Information provided:
....

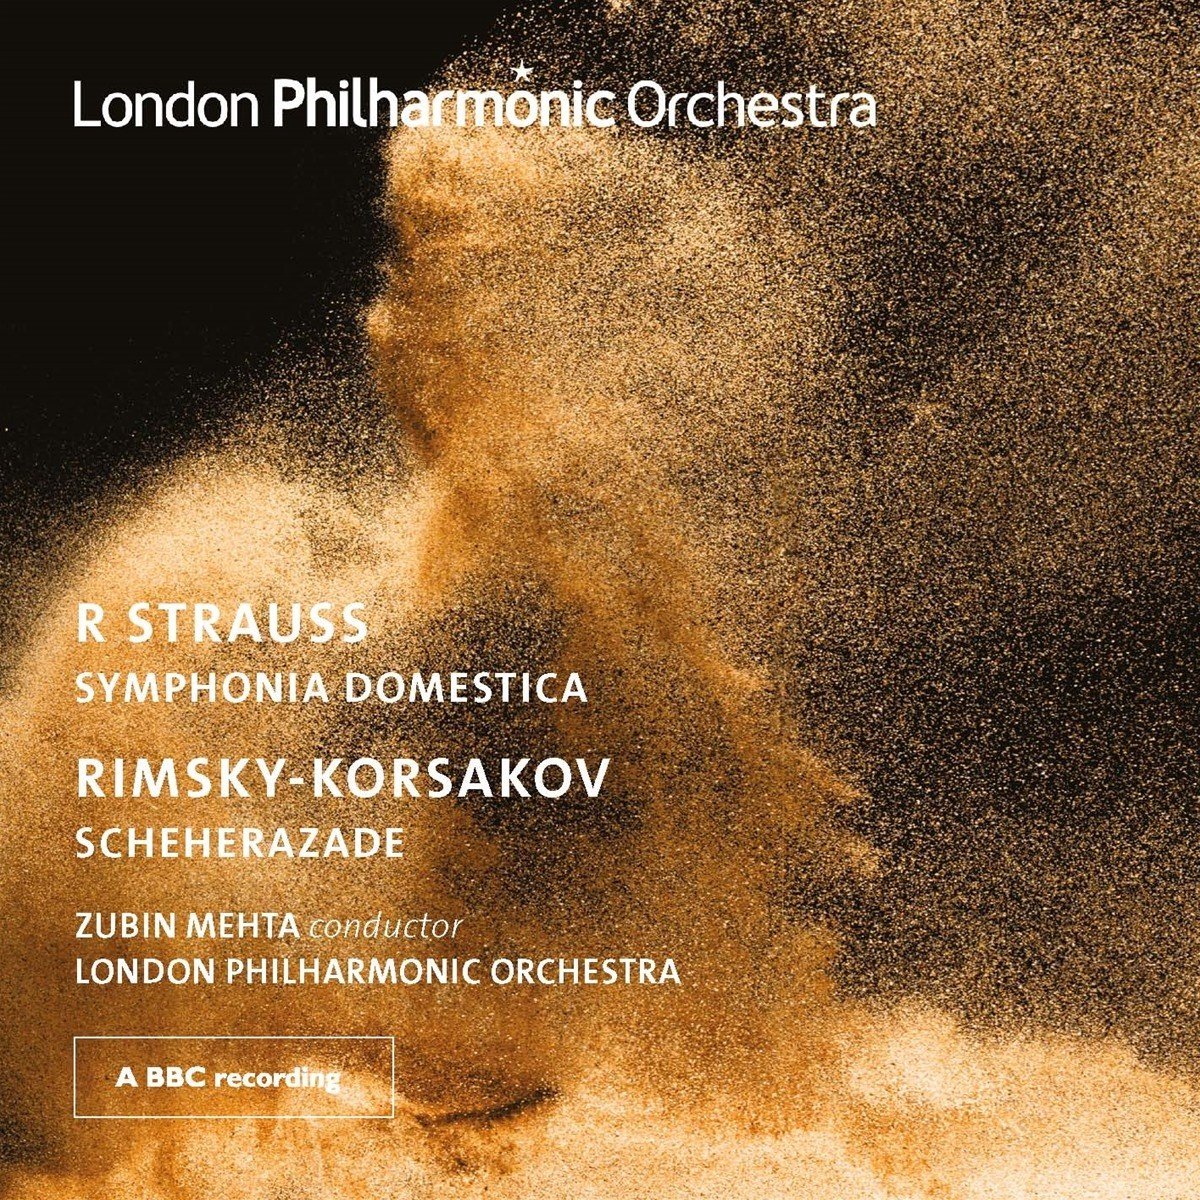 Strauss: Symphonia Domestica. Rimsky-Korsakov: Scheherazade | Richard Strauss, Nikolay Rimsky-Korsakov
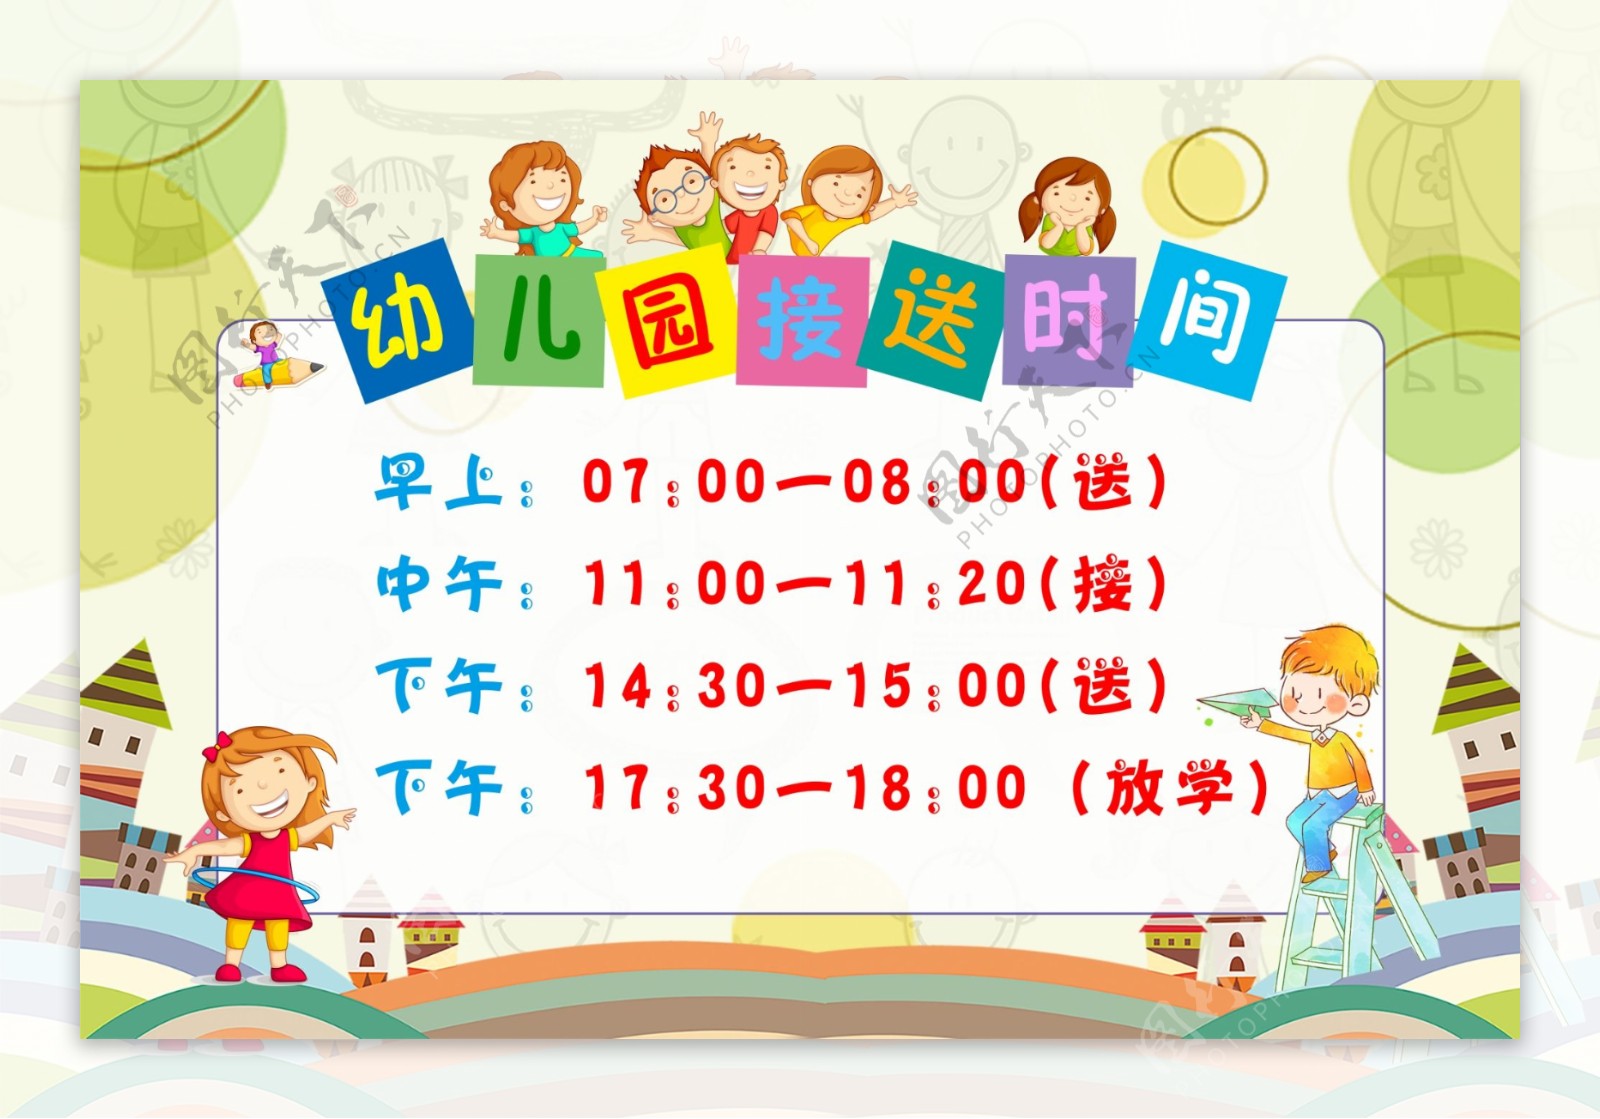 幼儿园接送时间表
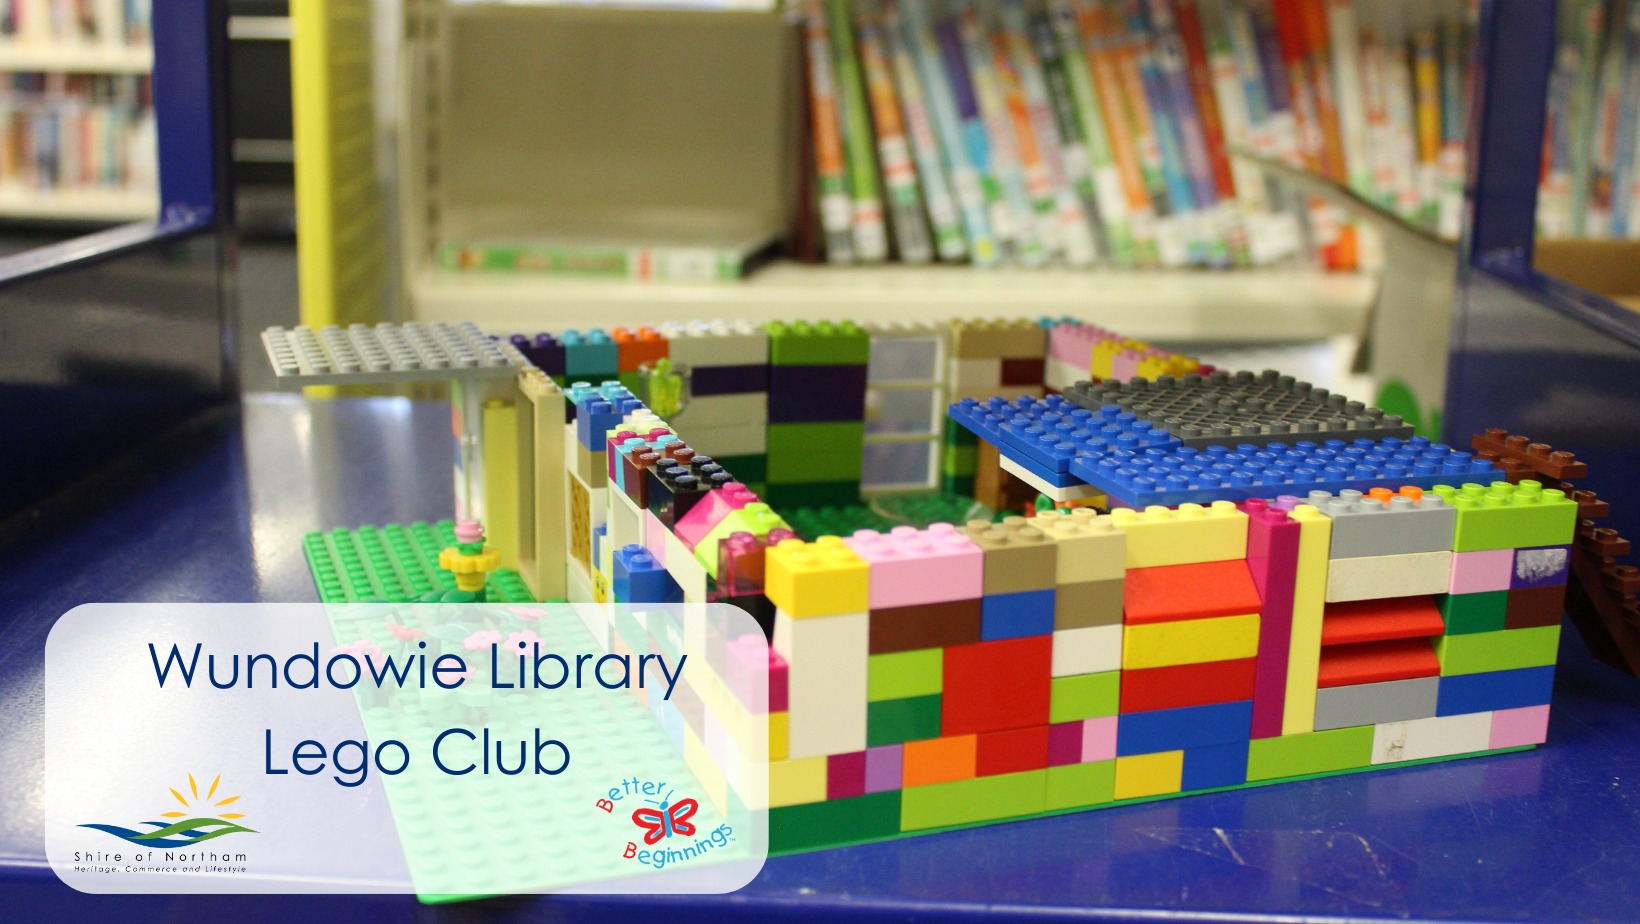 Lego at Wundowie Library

....

What the task requires:
Leaving out only the pictures, return the material above unchanged.

Written response:
 Strauss: Symphonia Domestica. Rimsky-Korsakov: Scheherazade | Richard Strauss, Nikolay Rimsky-Korsakov
 幼儿园接送时间表
 Lego at Wundowie Library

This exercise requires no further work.